In the past, I've had the fajitas - which are quite yummy, but when consumed with the tortillas (as if they wouldn't be?) they amount to 22 PointsPlus... a bit rich for my blood.  While the salads look pretty good, they are also fat-laden - they all seem to sport bacon or guacamole or a creamy dressing.

So tonight, I tried the vegetarian pizza. The good news is that it really is delicious - tomatoes, spinach, onions on a nice crust with generous cheese (next time I'll ask them to go light on the cheese - I think it could have half as much and still be good); the bad news is it's 25 PointsPlus. But it's also quite big (I'm going to say a foot in diameter?), so I ate half for supper and will have the other half for lunch tomorrow. Ran today and will again tomorrow, so I'll have an extra Activity Points cushion.

I'm not normally a "box it up and take the rest home" person - it's unusual for me not to finish a meal in a restaurant, no matter how big the portion. But this is so big that I was able to do that and still feel satisfied. Thanks, Kelsey's!

I'm surprised at the number of major restaurant chains that don't post their nutritional info (I'm looking at you, Moxie's!). While doing so does expose the unhealthy truth, it also allows we counters to count. If I can't count it I won't eat it... so a formerly fairly regular customer at Moxie's hasn't been there in 9 months. I'm sure they don't miss me... but imagine how many of us there are out there, eating at Kelsey's because they publish the info!

There's my rant. Pray for another loss next week - this plateau for 3, lose for 1 pattern is getting to me!

Loss this week: 2.0
Lost so far: 85
Still remaining: 15
Activity points earned this week: 41
Weeks to go: 13

Friday, July 8, 2011

Annie: running

Nothing but potential

We're home from our little mini-vacation in the Prairie at our family farm.
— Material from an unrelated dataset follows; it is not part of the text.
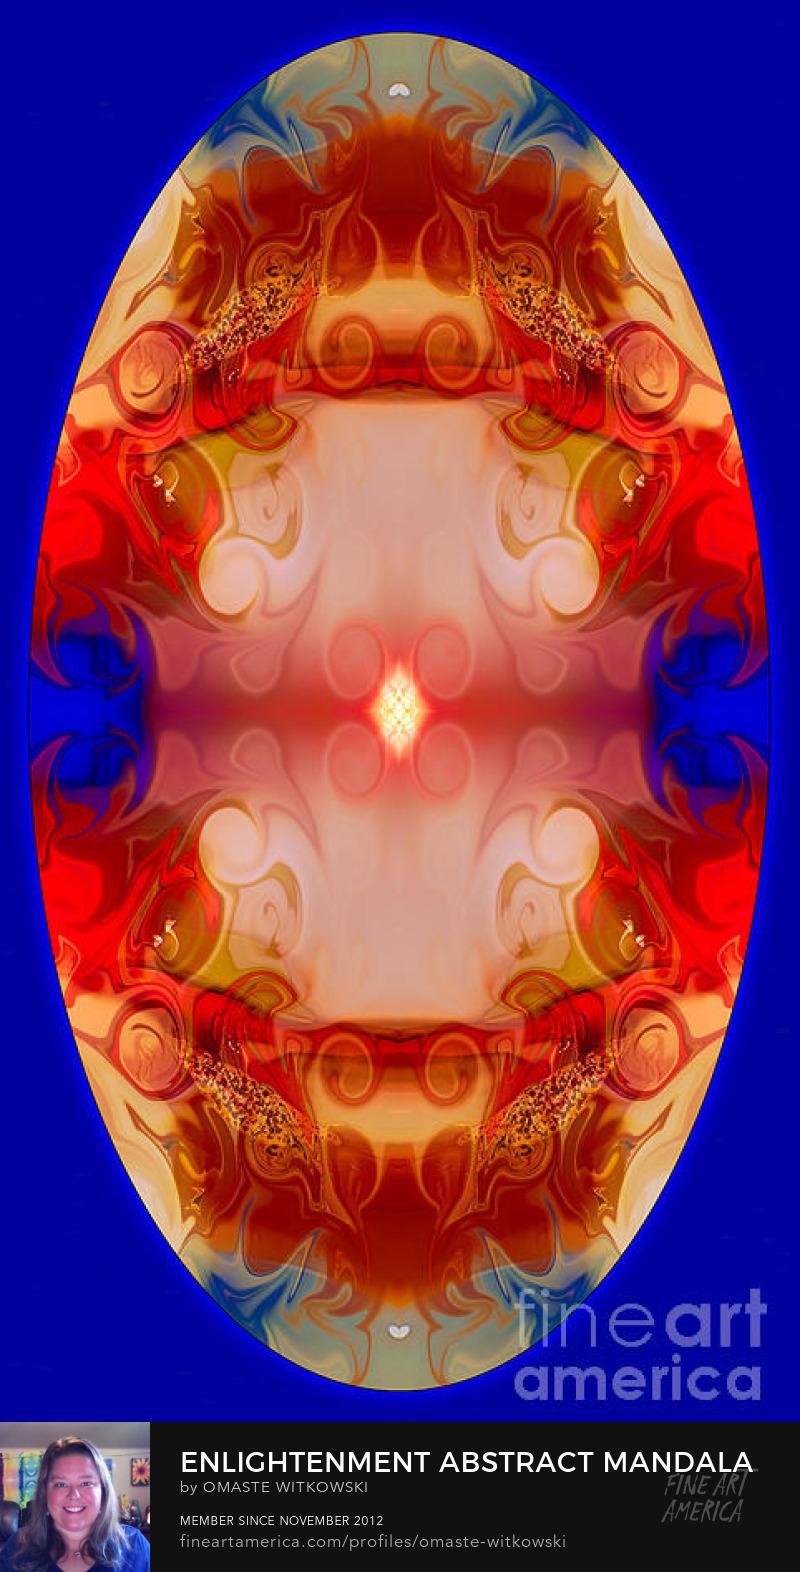 Enlightenment Abstract Mandala Artwork Wheels Of Enlightenment Art Prints

I've been spending a few weekends and the occasional week here every summer for more than a decade, but until now it was all about the farmhouse and its lack of telephone and Internet (though of course the trusty mobile devices have always come with me - can't go completely cold turkey!), and, since Child was a baby, the fabulous community pool that serves the entire area.

Now, suddenly, I'm interested in the roads.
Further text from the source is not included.